• [YOUR TASK]: Using the data below, reproduce exactly the lines from the line with "Die Mods und" to the line with "Teure Ersatzversorgung bei", both included; pictures must be dropped.

• [DATASET RECORDS]:

::::

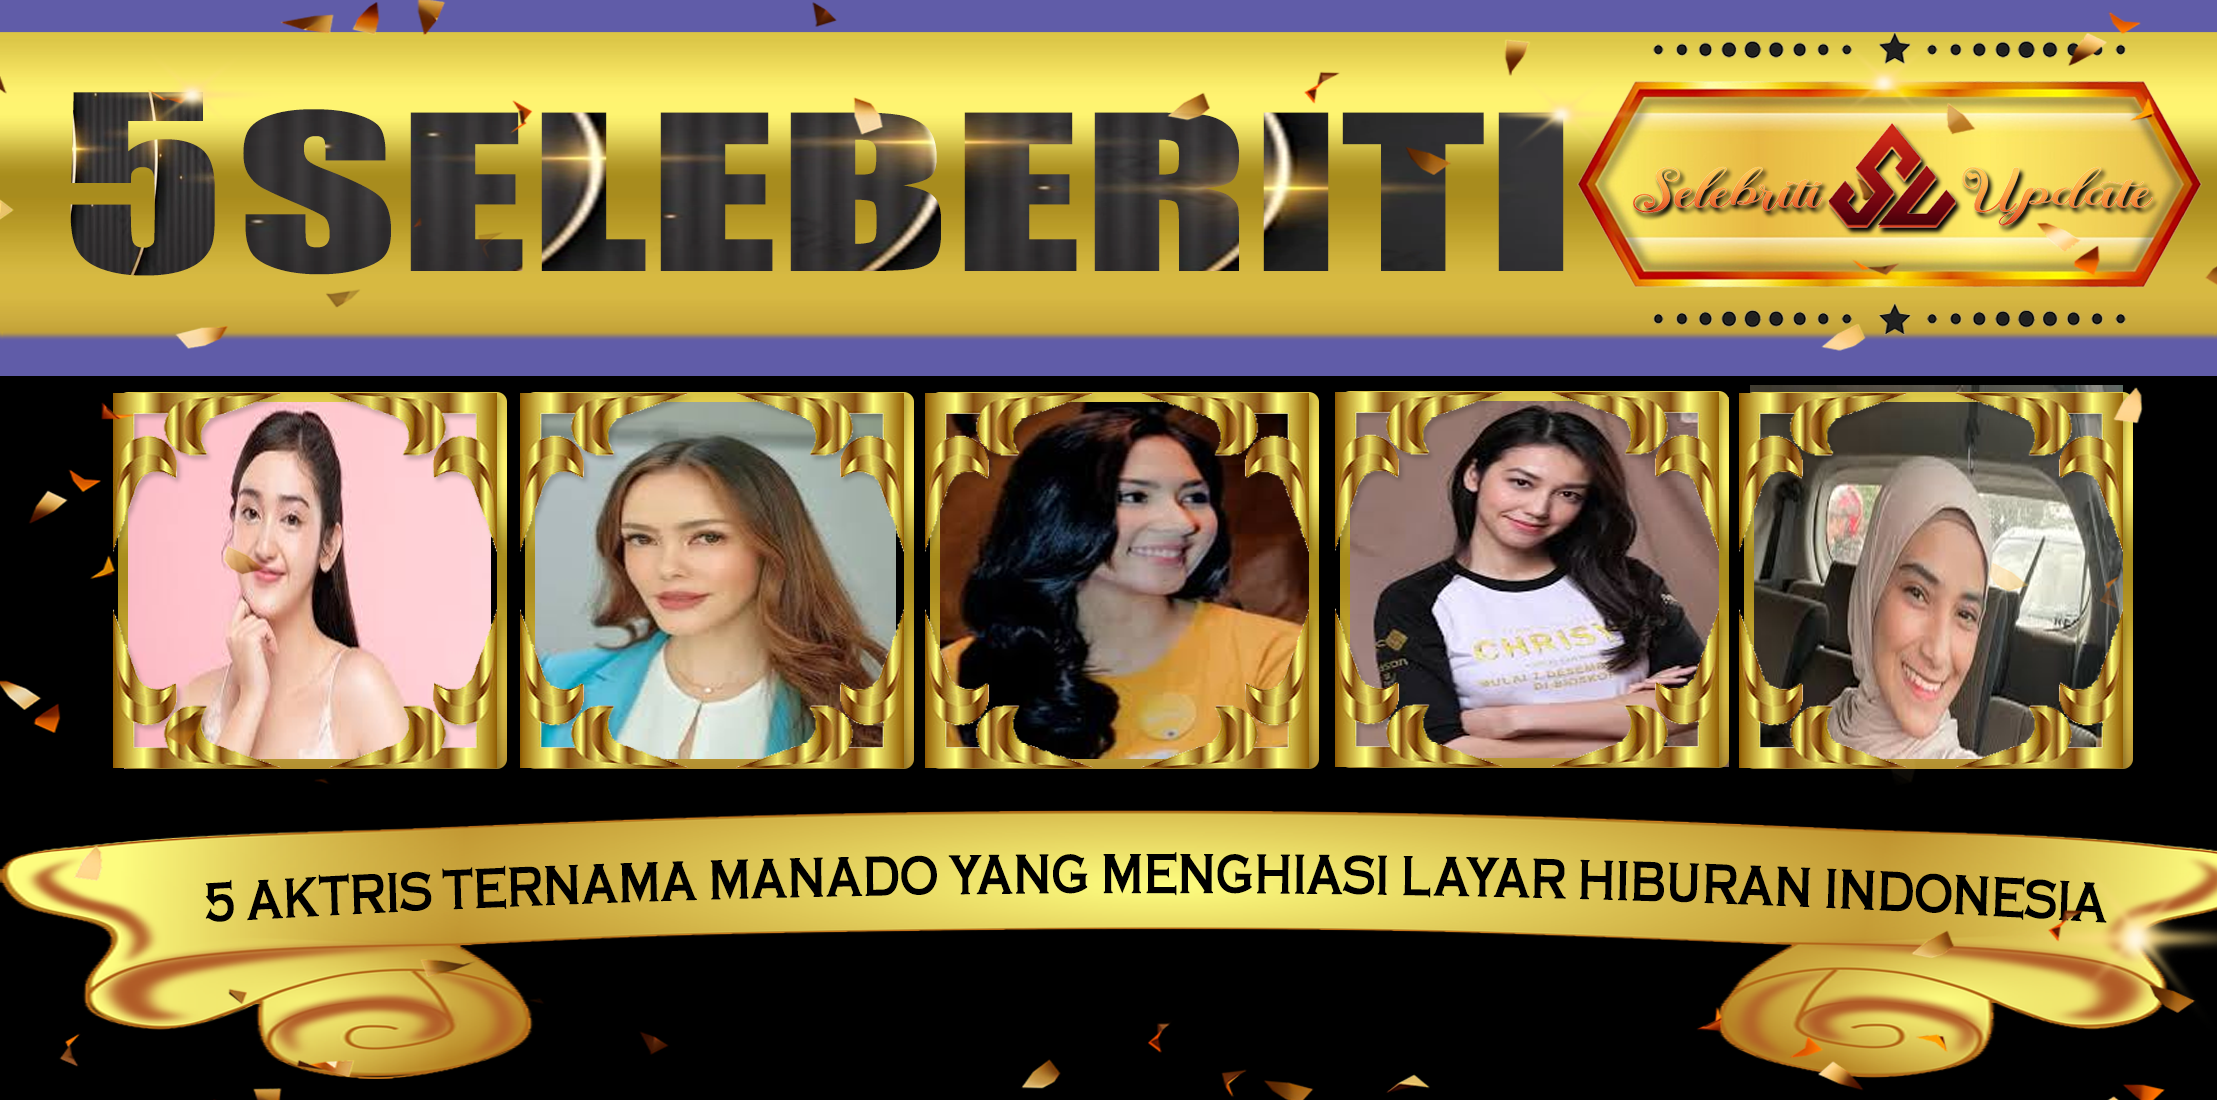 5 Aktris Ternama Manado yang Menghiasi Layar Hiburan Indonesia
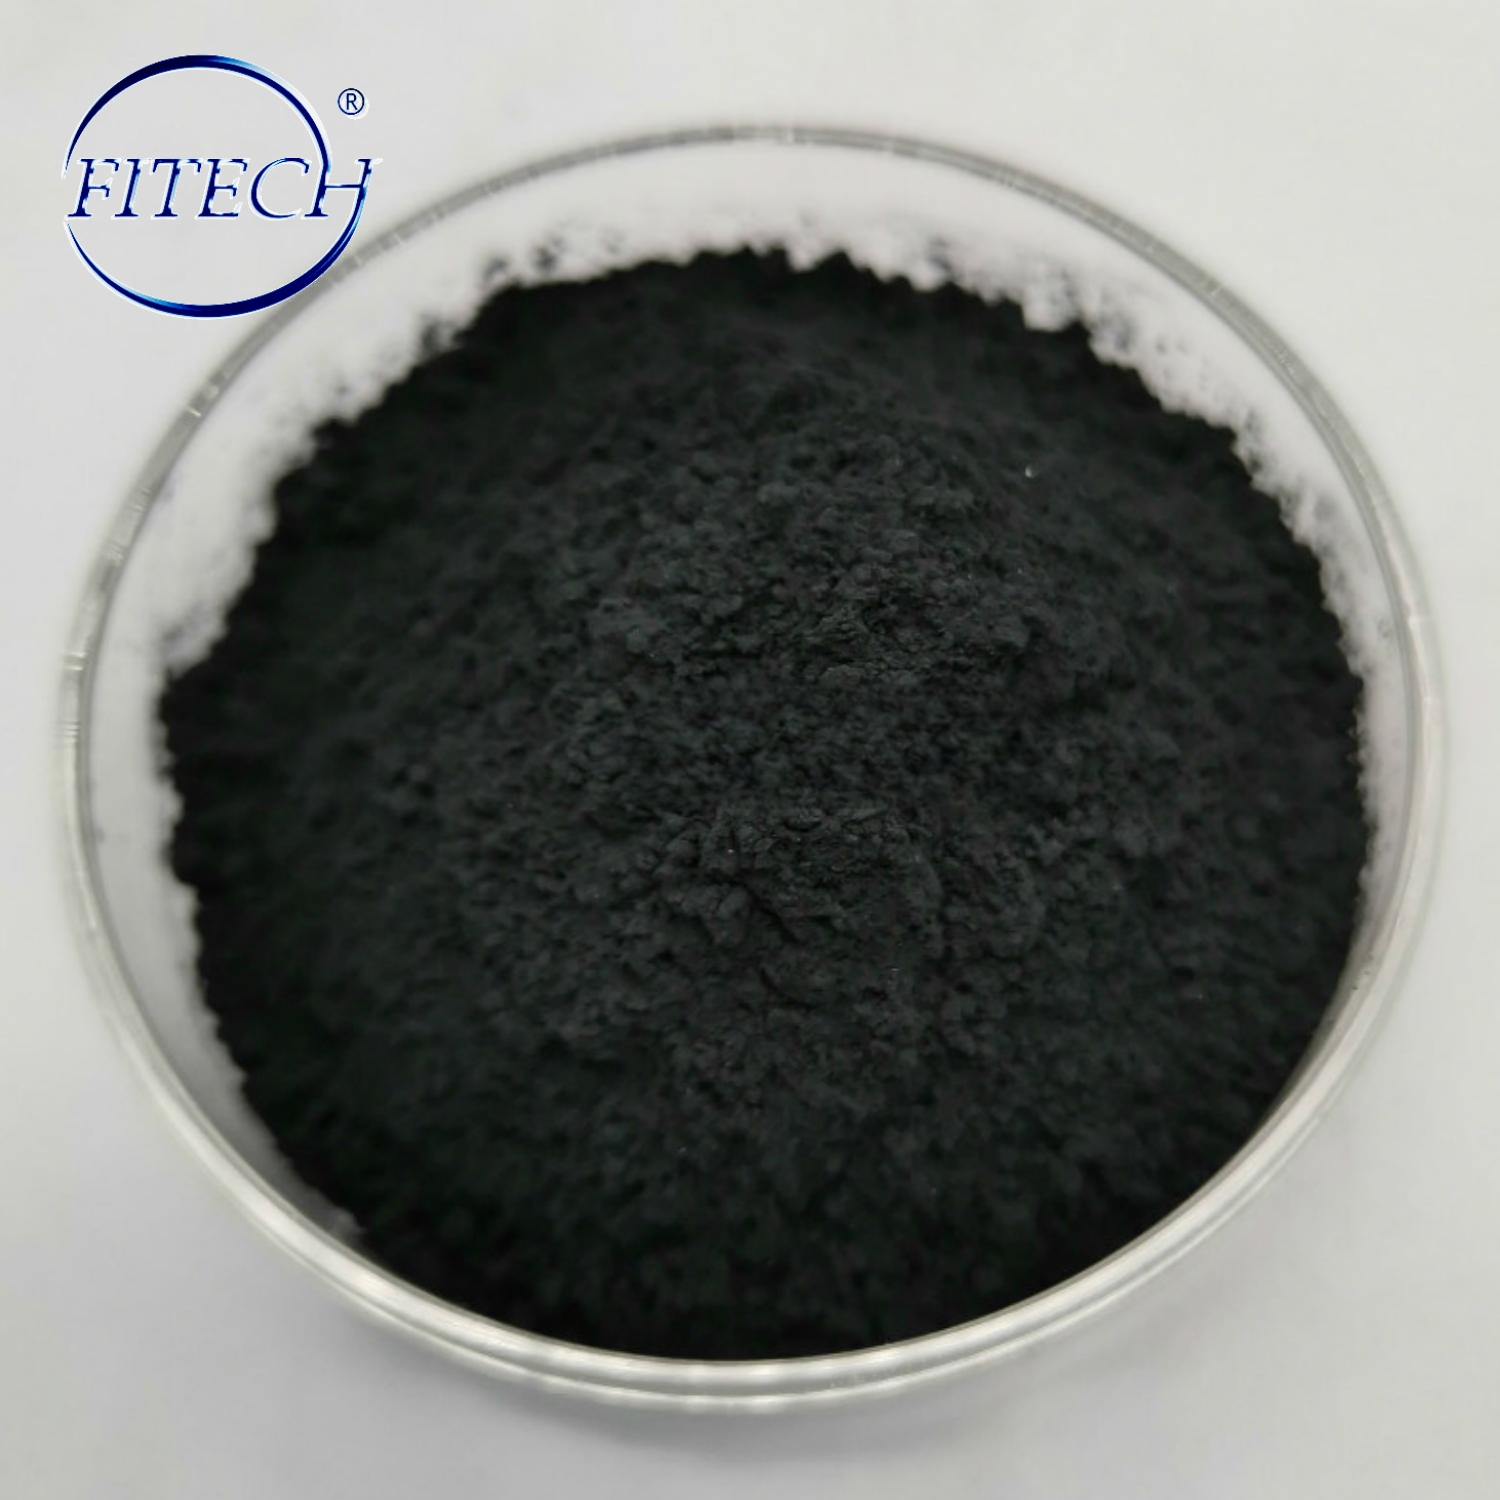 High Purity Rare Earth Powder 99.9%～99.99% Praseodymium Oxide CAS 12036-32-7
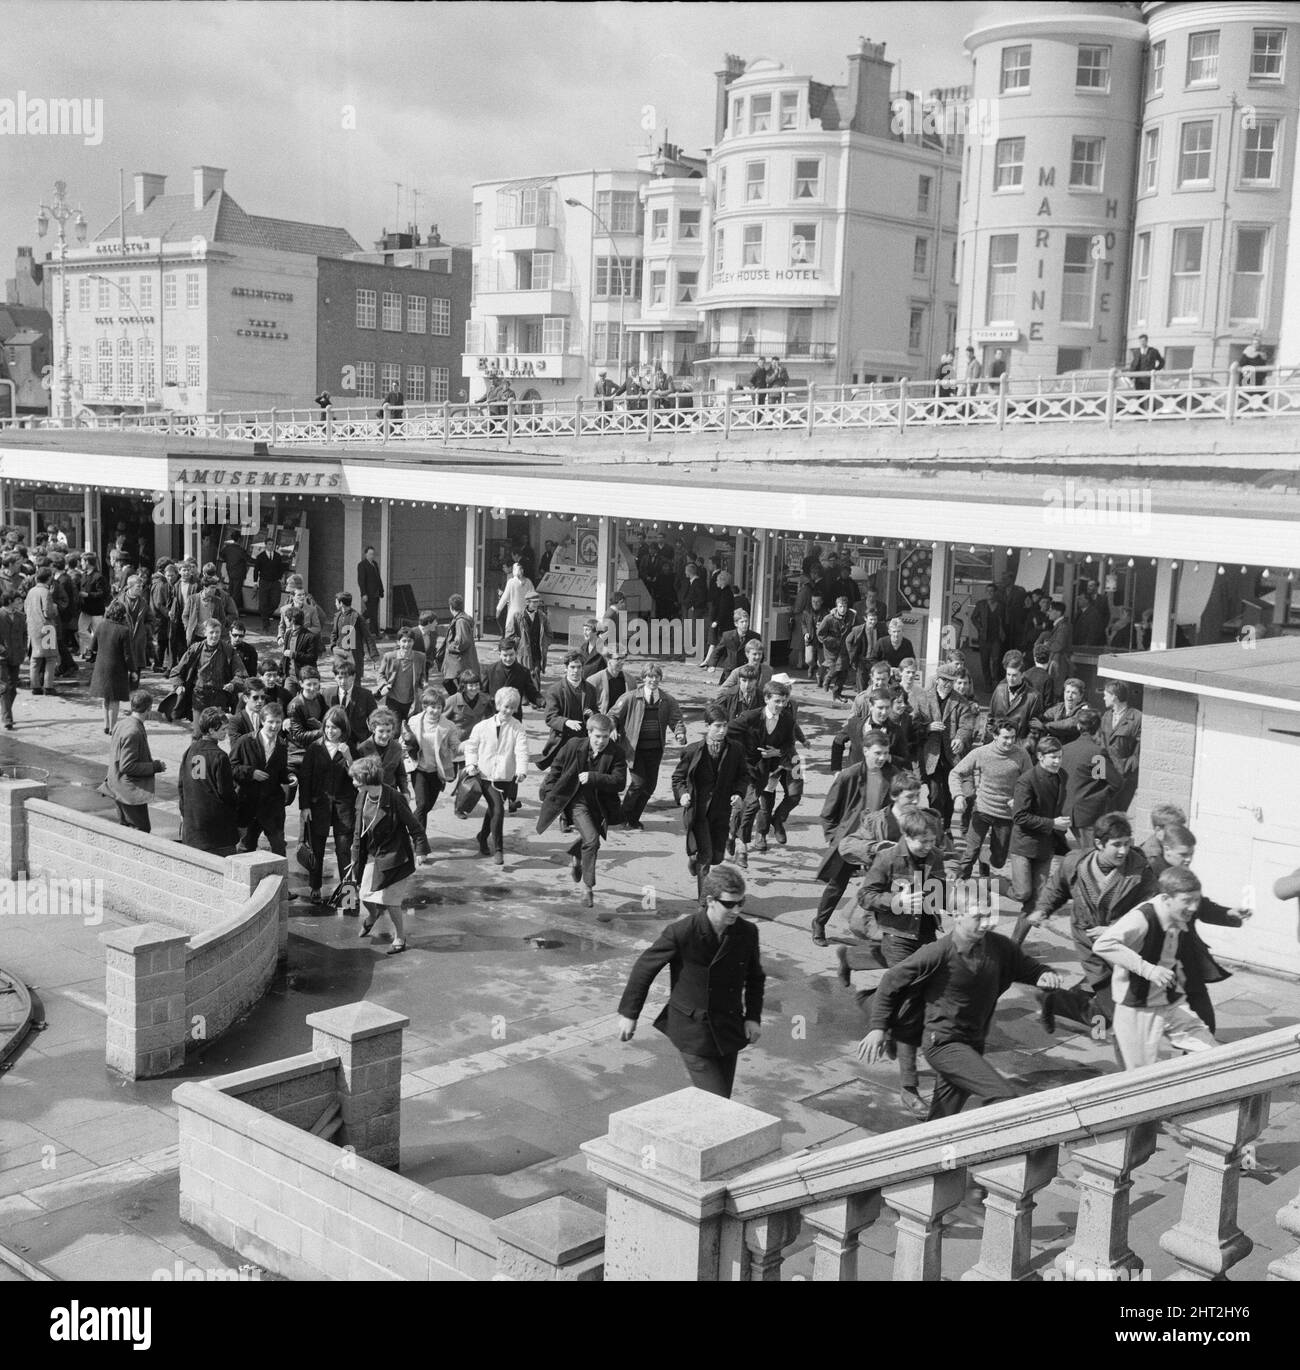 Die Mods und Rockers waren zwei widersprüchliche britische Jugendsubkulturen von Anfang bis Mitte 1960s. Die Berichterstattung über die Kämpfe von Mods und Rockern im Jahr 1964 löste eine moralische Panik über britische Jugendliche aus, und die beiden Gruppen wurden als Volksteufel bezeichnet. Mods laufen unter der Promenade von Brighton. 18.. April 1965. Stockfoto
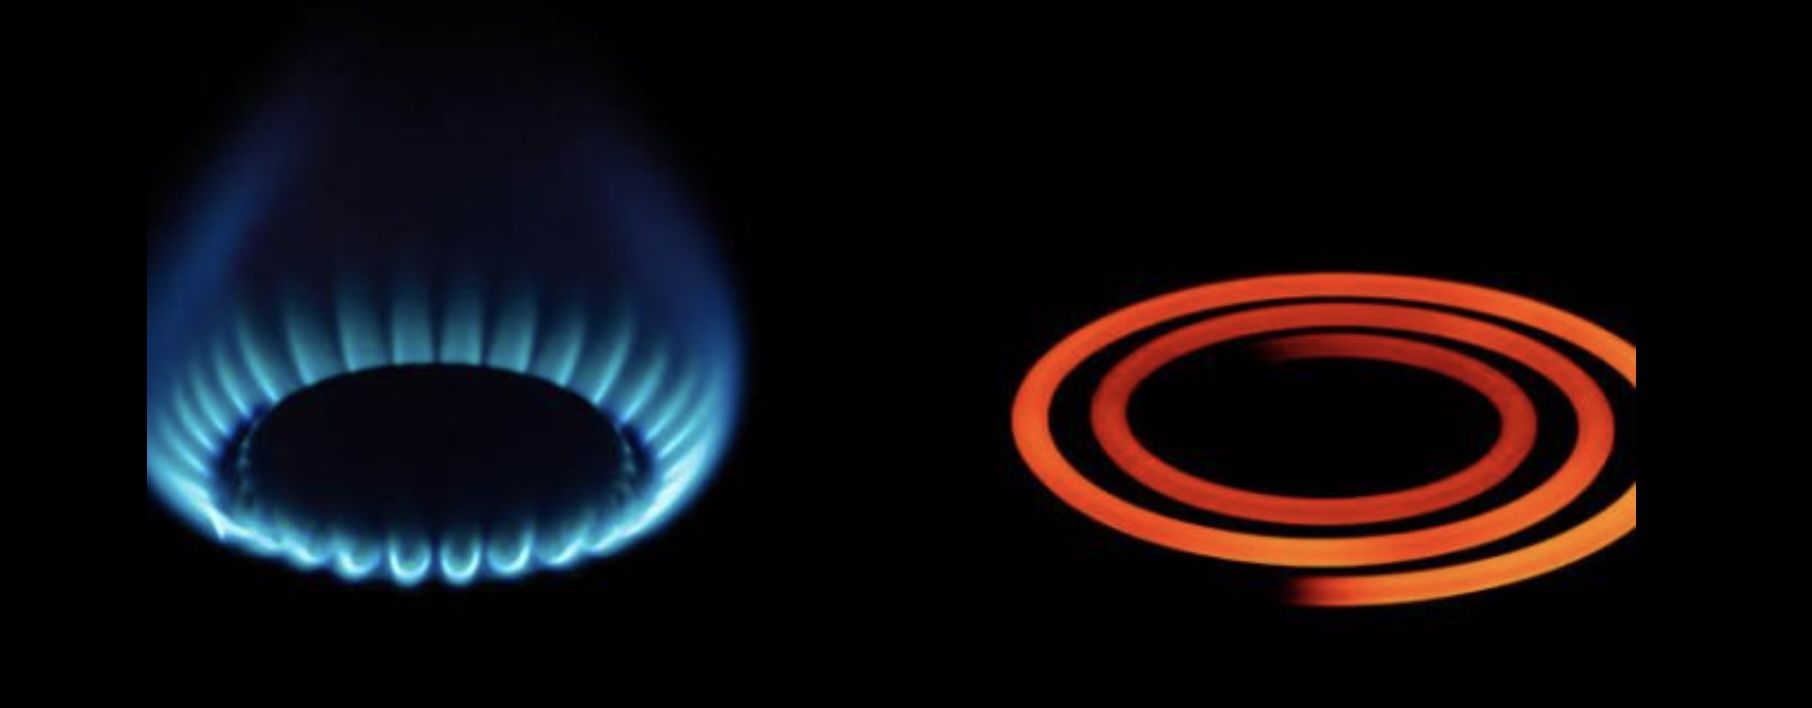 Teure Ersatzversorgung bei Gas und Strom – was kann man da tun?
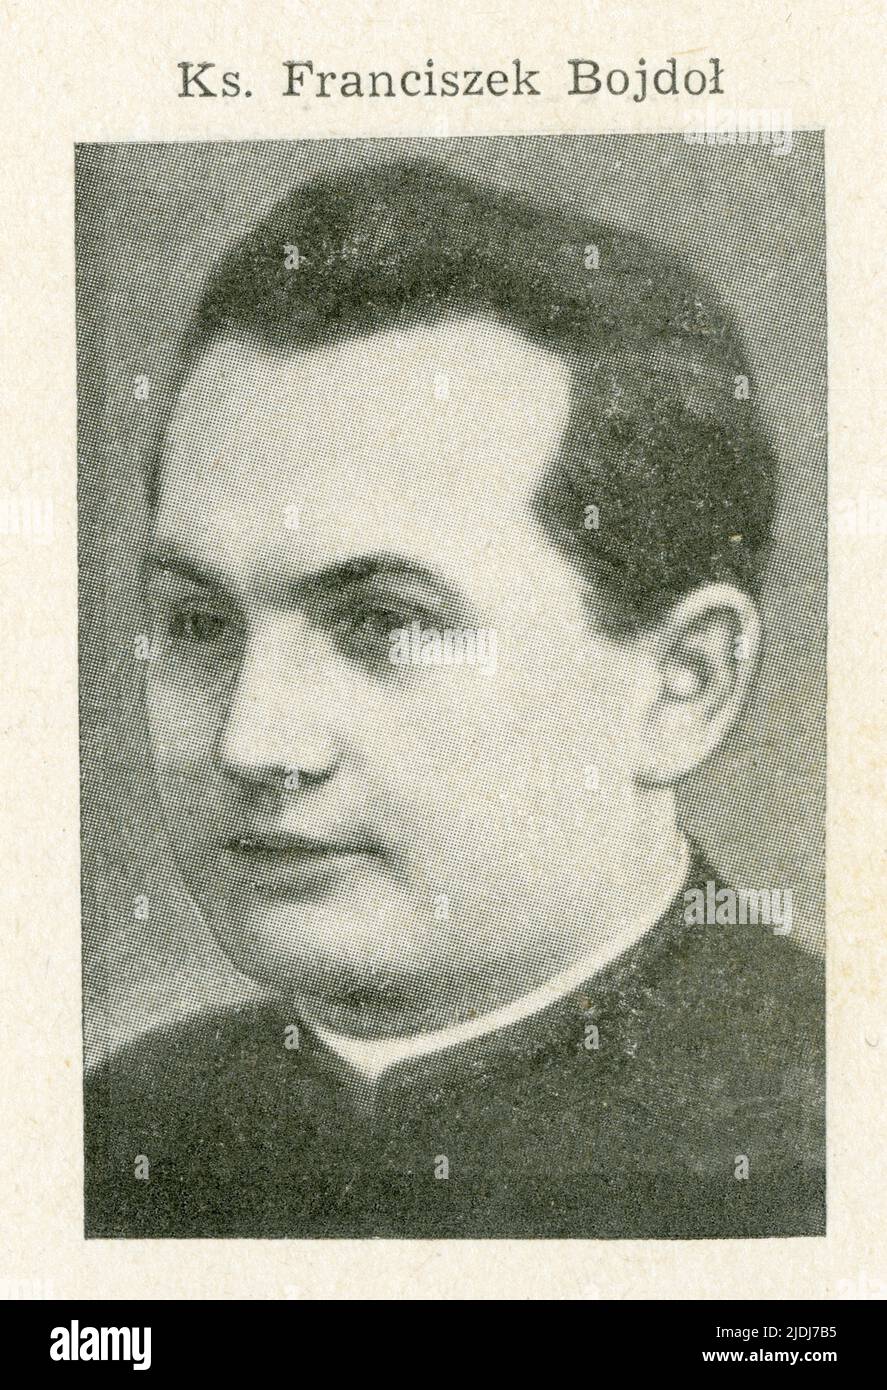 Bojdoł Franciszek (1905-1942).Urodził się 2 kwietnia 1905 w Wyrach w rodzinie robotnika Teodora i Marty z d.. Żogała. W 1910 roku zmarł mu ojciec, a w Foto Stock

::::

• [TASK RESULT]:
 Die Mods und Rockers waren zwei widersprüchliche britische Jugendsubkulturen von Anfang bis Mitte 1960s. Die Berichterstattung über die Kämpfe von Mods und Rockern im Jahr 1964 löste eine moralische Panik über britische Jugendliche aus, und die beiden Gruppen wurden als Volksteufel bezeichnet. Mods laufen unter der Promenade von Brighton. 18.. April 1965. Stockfoto
 Teure Ersatzversorgung bei Gas und Strom – was kann man da tun?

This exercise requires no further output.